Огромный зал - ряды столов на шесть посадочных мест каждый, в проходах официантки толкали каталки с пирамидами тарелок. Горинская ячейка оказалась где-то в углу зала, соседи по столу быстро поели и ушли и Горин посидел одиноко, дожидаясь пока на него не обратят внимание.
- Новенький что ли? - заметила наконец-то Горина официантка.
Говорила она приветливо, но размеренно, с паузами, будто расставляла тарелки по местам.
- На вас у меня ничего не заказано. Придется довольствоваться чем бог послал. Только дежурные блюда. Есть рыба с перловкой. Или лапшевник с творогом. Выбирайте, все одинаково вкусное. Каши вам принести? Маслица нет? Значит, съели. Сахар на другом столе посмотрите, может остался. Не завезли продуктов, что тут поделаешь...
Горин не стал упоминать про причитающиеся ему завтрак и обед, а в дальнейшем не единожды убеждался, что новенькому, как в больнице или тюрьме, достается кровать без подушки, неудобное место за столом, последняя очередь на процедуры. Что поделаешь, не завезли, и перила в санатории для приехавших лечиться одни, вторых не предусмотрено.
- Донецкий Евгений Григорьевич, - крепко пожал Горину руку сосед по комнате. Или точнее ее называть палатой, подумал Горин.
Низкий прокуренный голос, седой вихор, одна бровь воинственно приподнята, черные, в блеклых ободках старости, но с тлеющим огоньком глаза.

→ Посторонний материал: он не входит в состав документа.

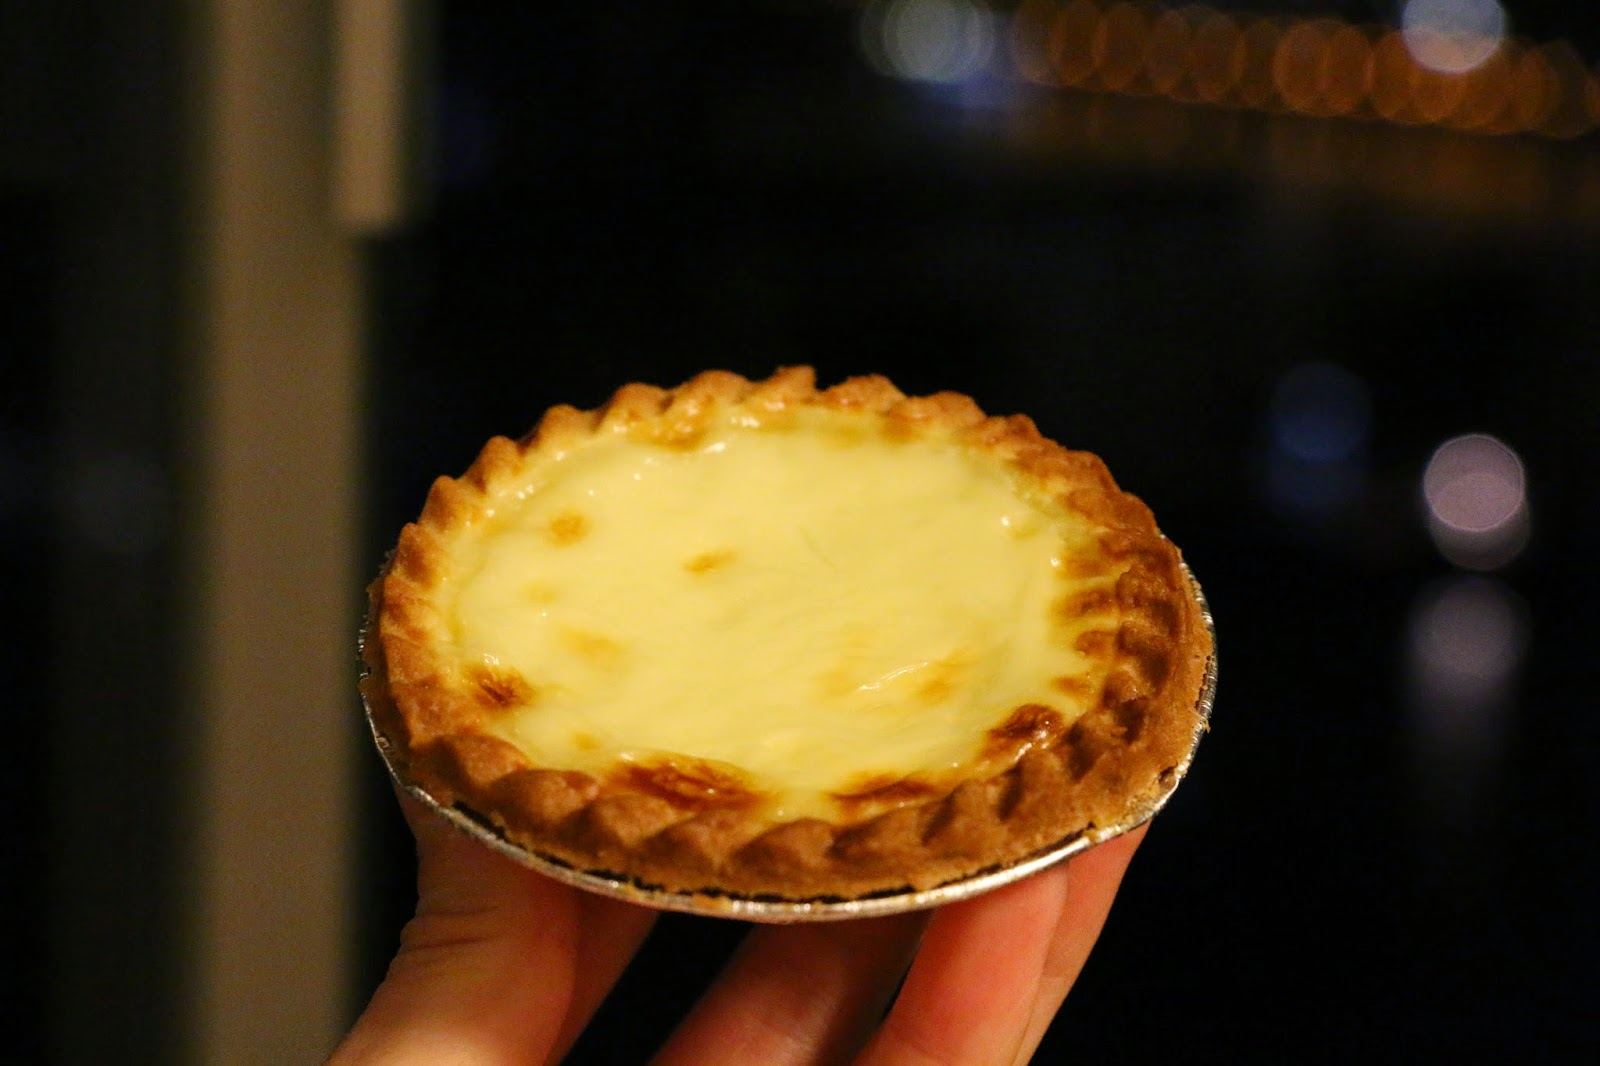 arome bakery, hokkaido milk egg tart, Spot The Food
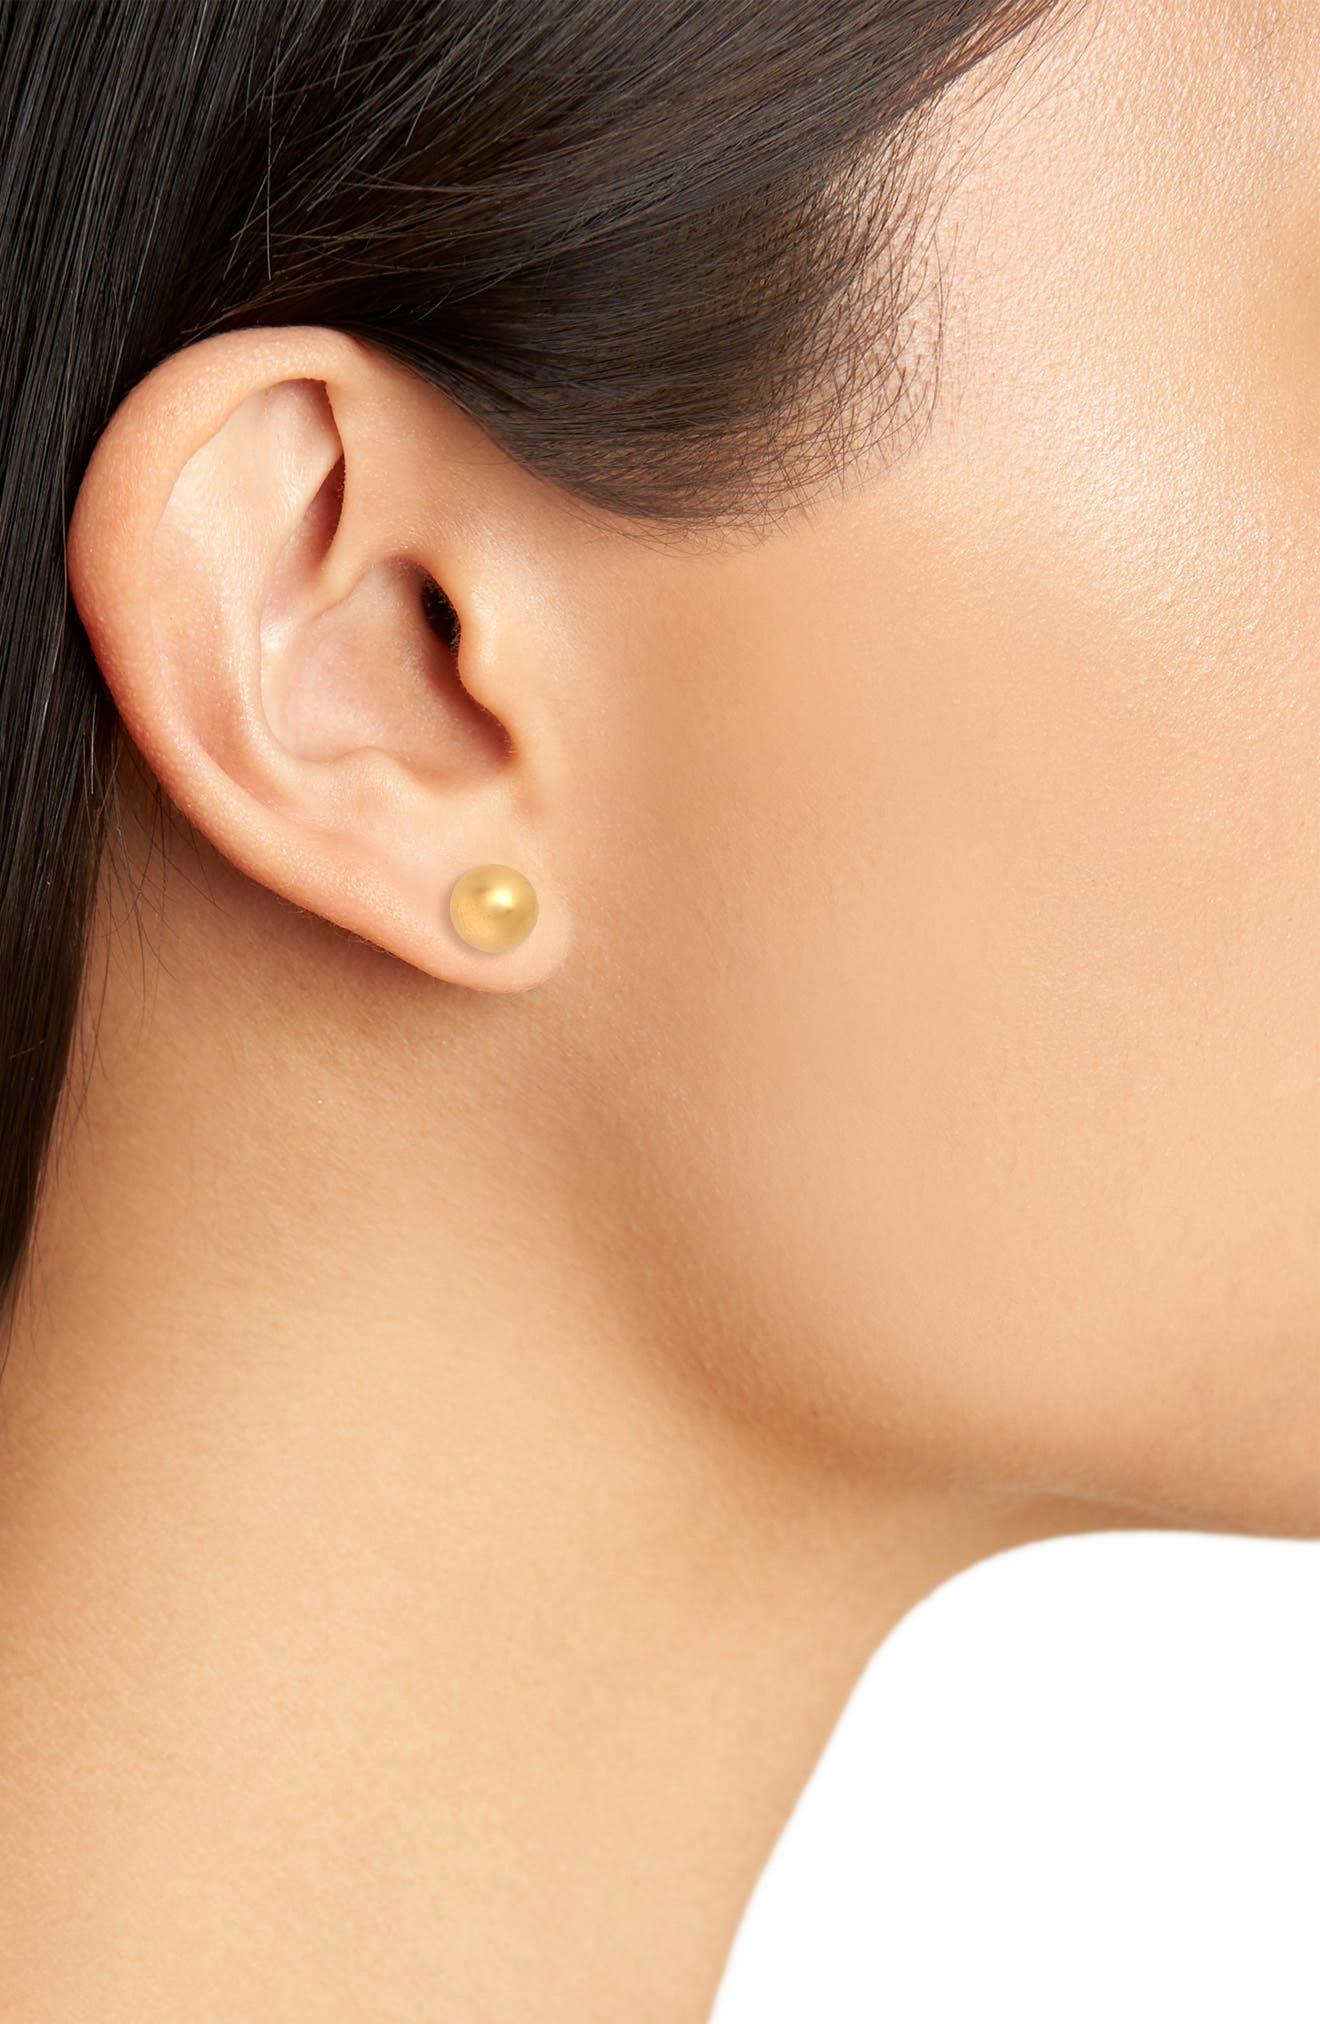 14K Gold Ball Stud Earrings,                             Alternate thumbnail 2, color,                             Yellow Gold

- Евгений Сергеевич Горин.
- Тезки, значится. Угощайтесь, - протянул портсигар Донецкий.
- Бросил три года назад.
- Уважаю. Это какую же силу воли необходимо иметь, чтобы сорок лет курить и бросить, чтобы тридцать лет пить и бросить. Сила да воля - что бы с нами-то со всеми было бы, будь у каждого и воля и сила, спрашивается? Умозрительно рассуждая, хуже не было бы, а наоборот. С другой стороны, слаб человек, слаб, ох, слабак. Так и норовит побаловать себя напоследок. Вы разрешите?
Горин, сам куривший взасос, а теперь не переносящий табачного дыма, вдруг смутился и промолчал в ответ, то ли на в силах отказать едва знакомому человеку, то ли от того, что Донецкий, заранее уверенный в его согласии, уже щелкнул зажигалкой.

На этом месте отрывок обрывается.